*WORK INSTRUCTION*. Wherever a picture sits, omit it. Output the rest of the listing exactly.

*DATASET SECTION*.
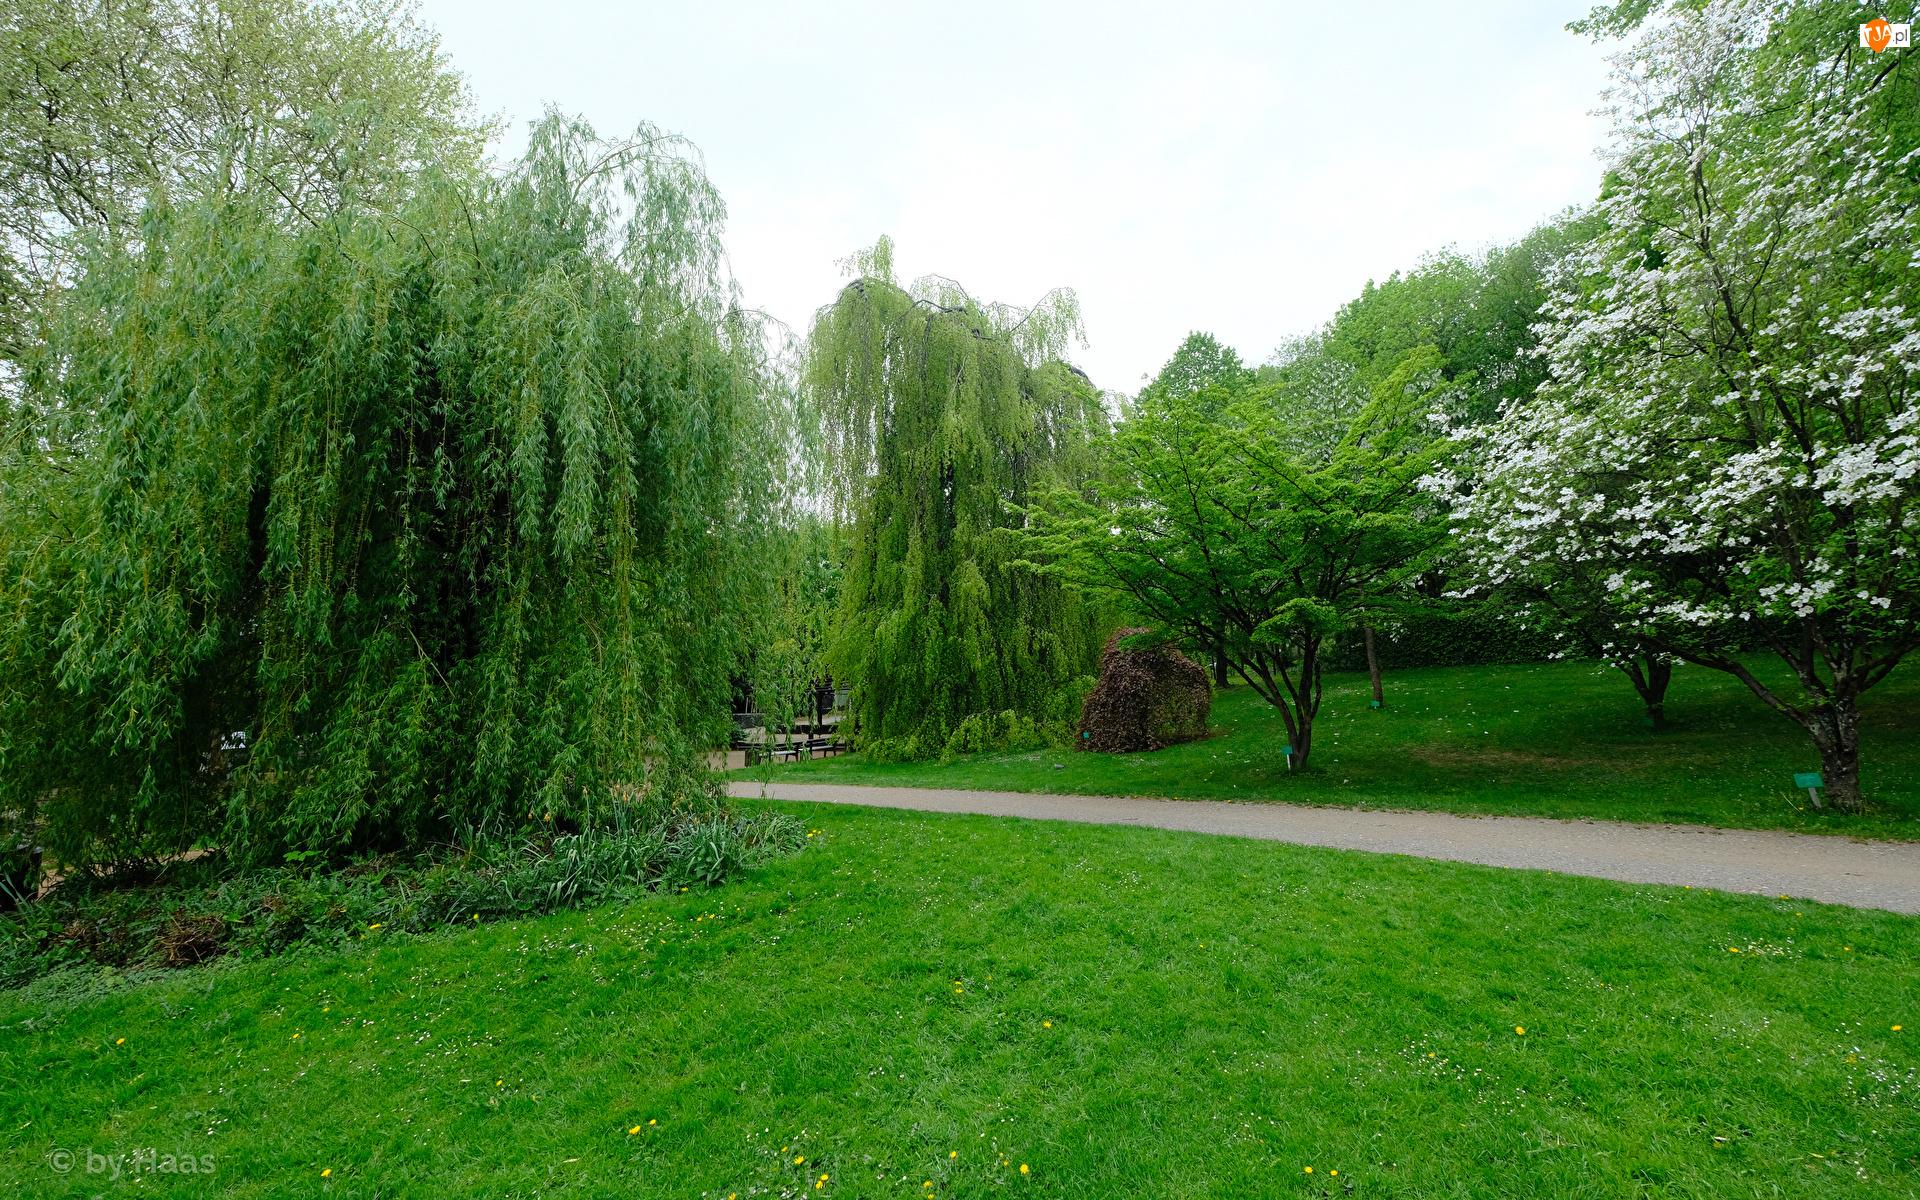 Wiosna, Park, Wierzba, Ścieżka, Drzewa, Trawnik
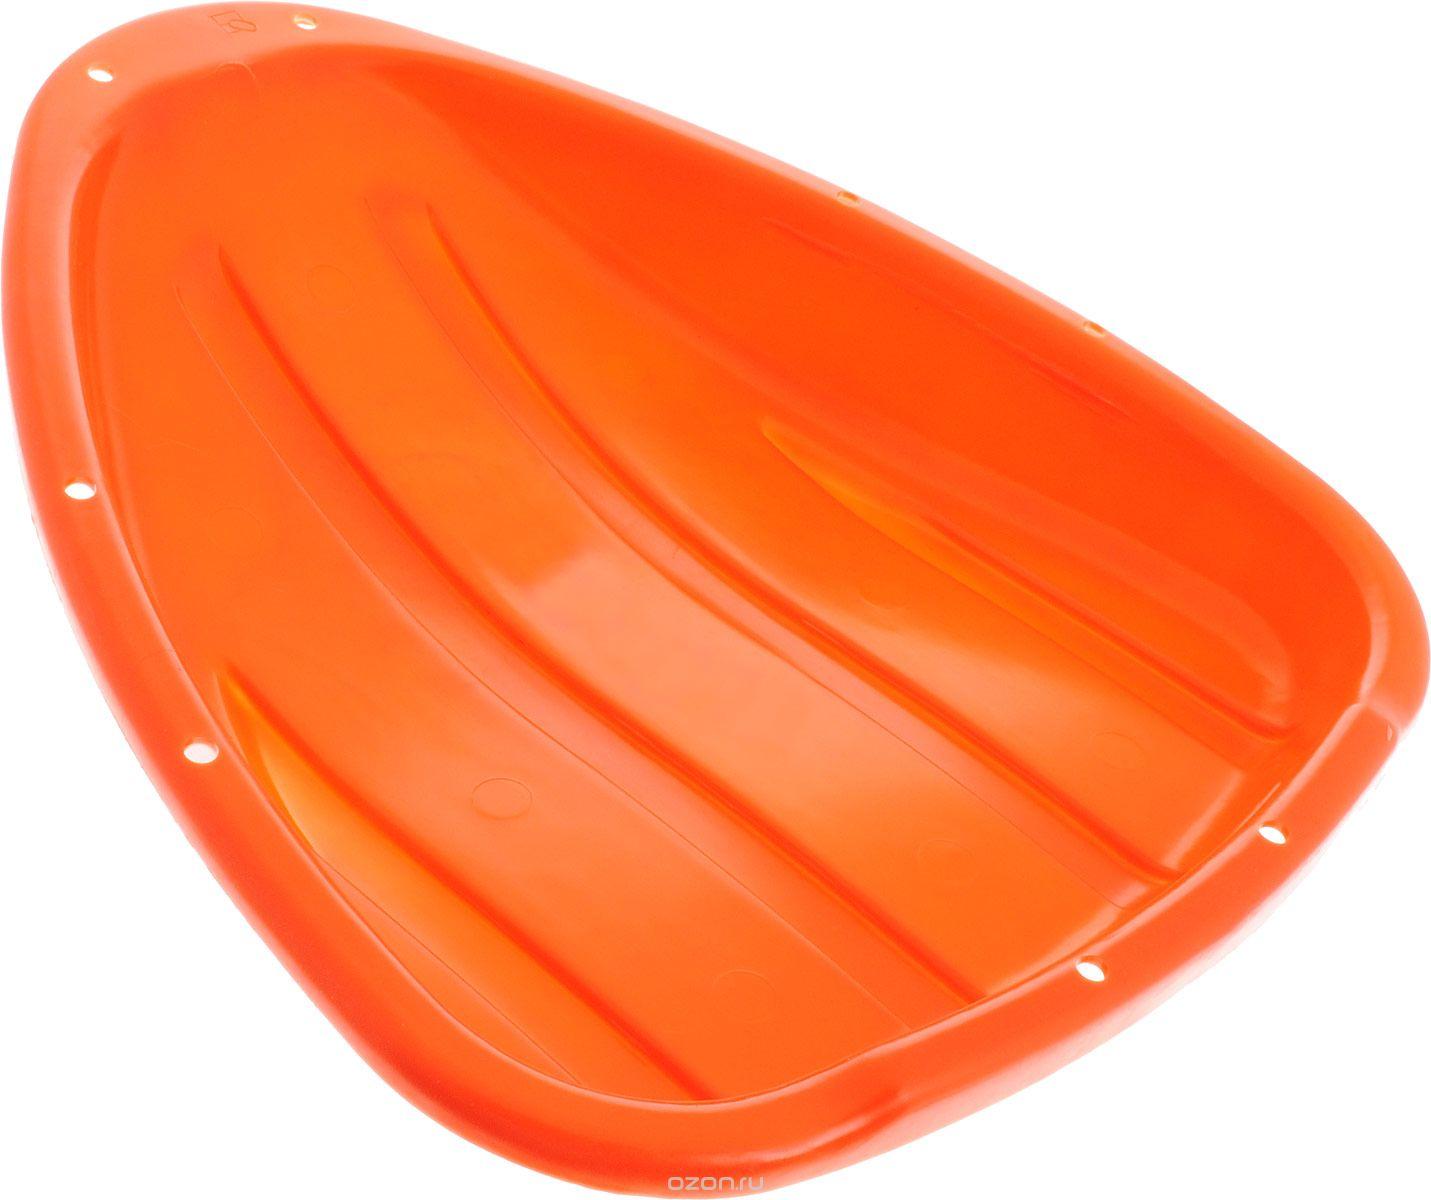 Фея Ледянка Ветерок цвет оранжевый826228_оранжевыйВсе дети любят зимой кататься с горки. Яркая ледянка Ветерок станет незаменимым атрибутом этой веселой детской игры. Ледянка выполнена из прочного пластика, а их конфигурация позволяет удобно сидеть и развивать лучшую скорость.Благодаря малому весу эти салазки, в отличие от санок, легко нести с собой даже ребенку. На ледянке есть специальное отверстие, в которое можно продеть веревочку.Зимние игры на свежем воздухе. Статья OZON Гид
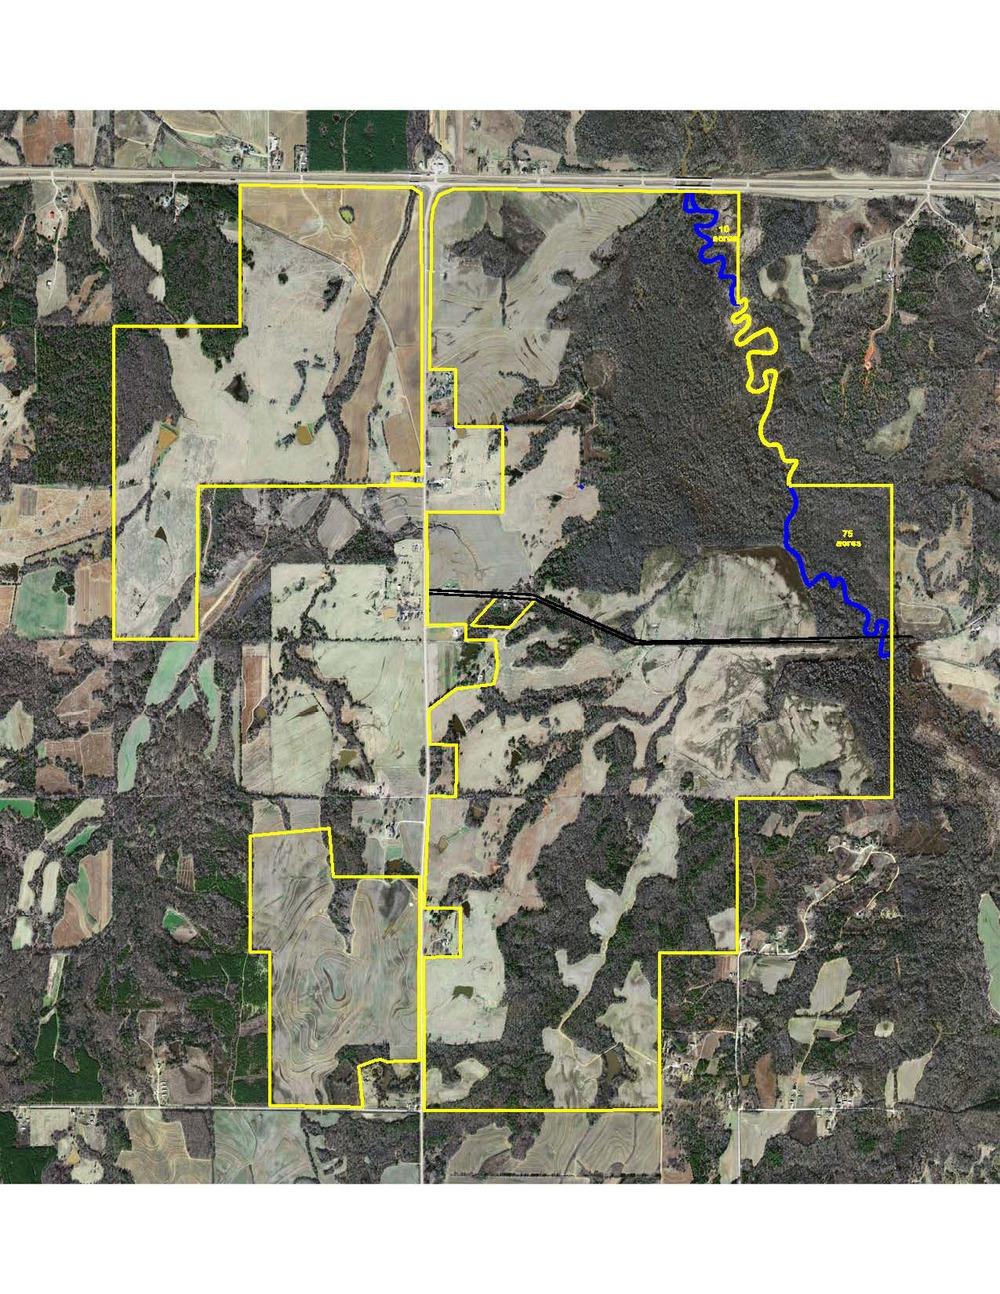 2864.1 Acre Survey
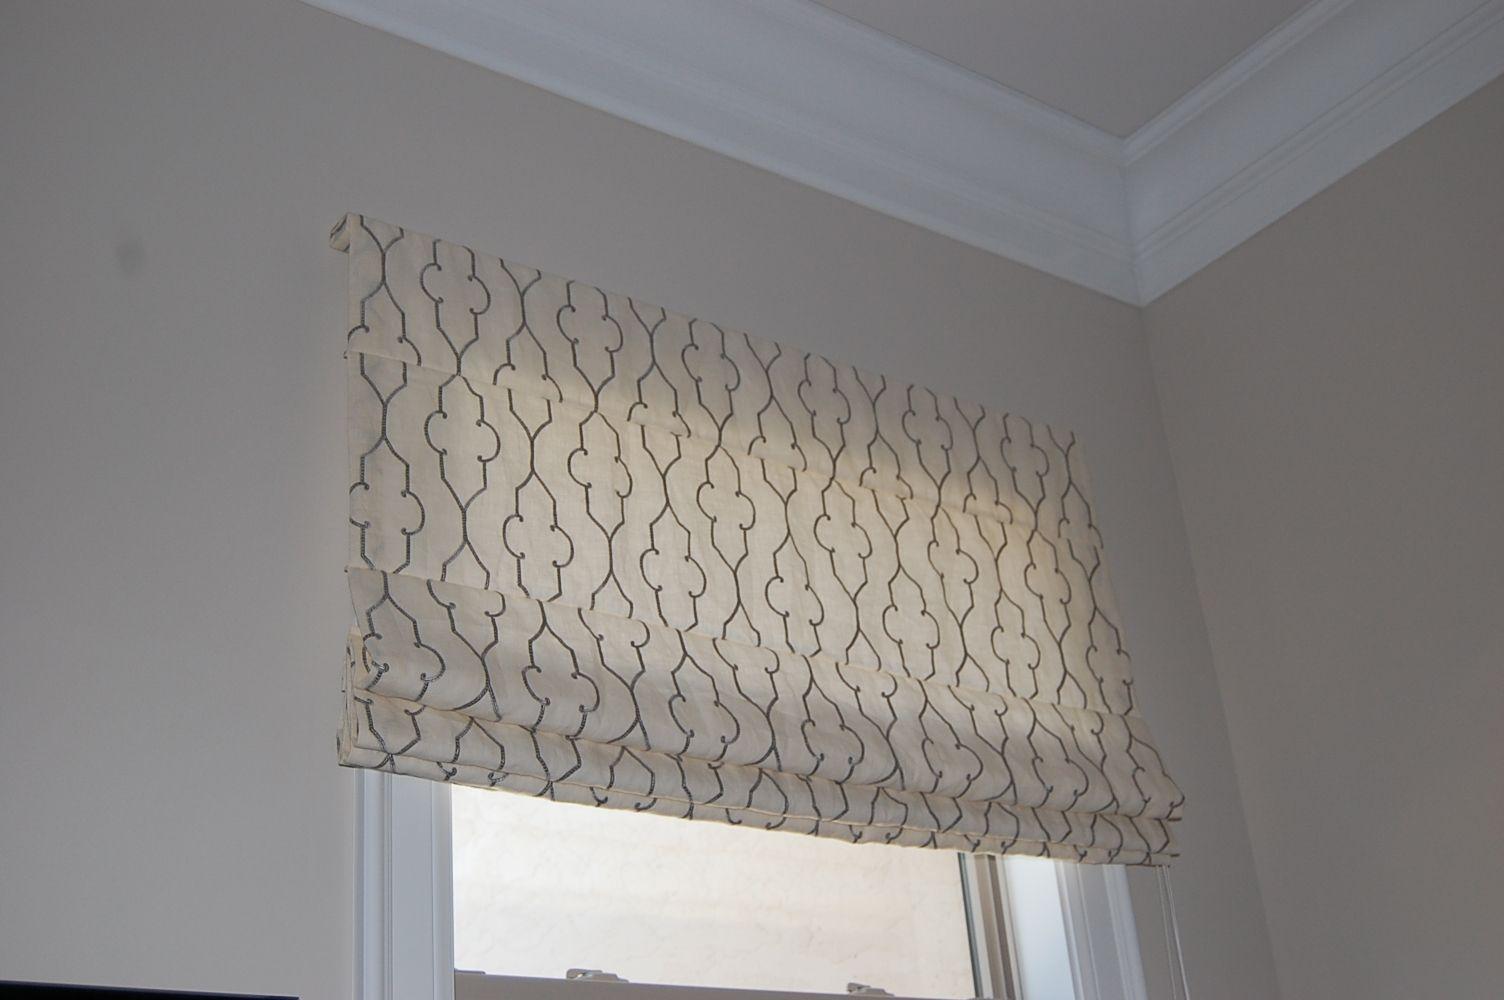 Basement window coverings outside  board mounted flat roman shade  arh custom window fashions

*ANSWER SPACE*.
 Wiosna, Park, Wierzba, Ścieżka, Drzewa, Trawnik
 Фея Ледянка Ветерок цвет оранжевый826228_оранжевыйВсе дети любят зимой кататься с горки. Яркая ледянка Ветерок станет незаменимым атрибутом этой веселой детской игры. Ледянка выполнена из прочного пластика, а их конфигурация позволяет удобно сидеть и развивать лучшую скорость.Благодаря малому весу эти салазки, в отличие от санок, легко нести с собой даже ребенку. На ледянке есть специальное отверстие, в которое можно продеть веревочку.Зимние игры на свежем воздухе. Статья OZON Гид
 2864.1 Acre Survey
 Basement window coverings outside  board mounted flat roman shade  arh custom window fashions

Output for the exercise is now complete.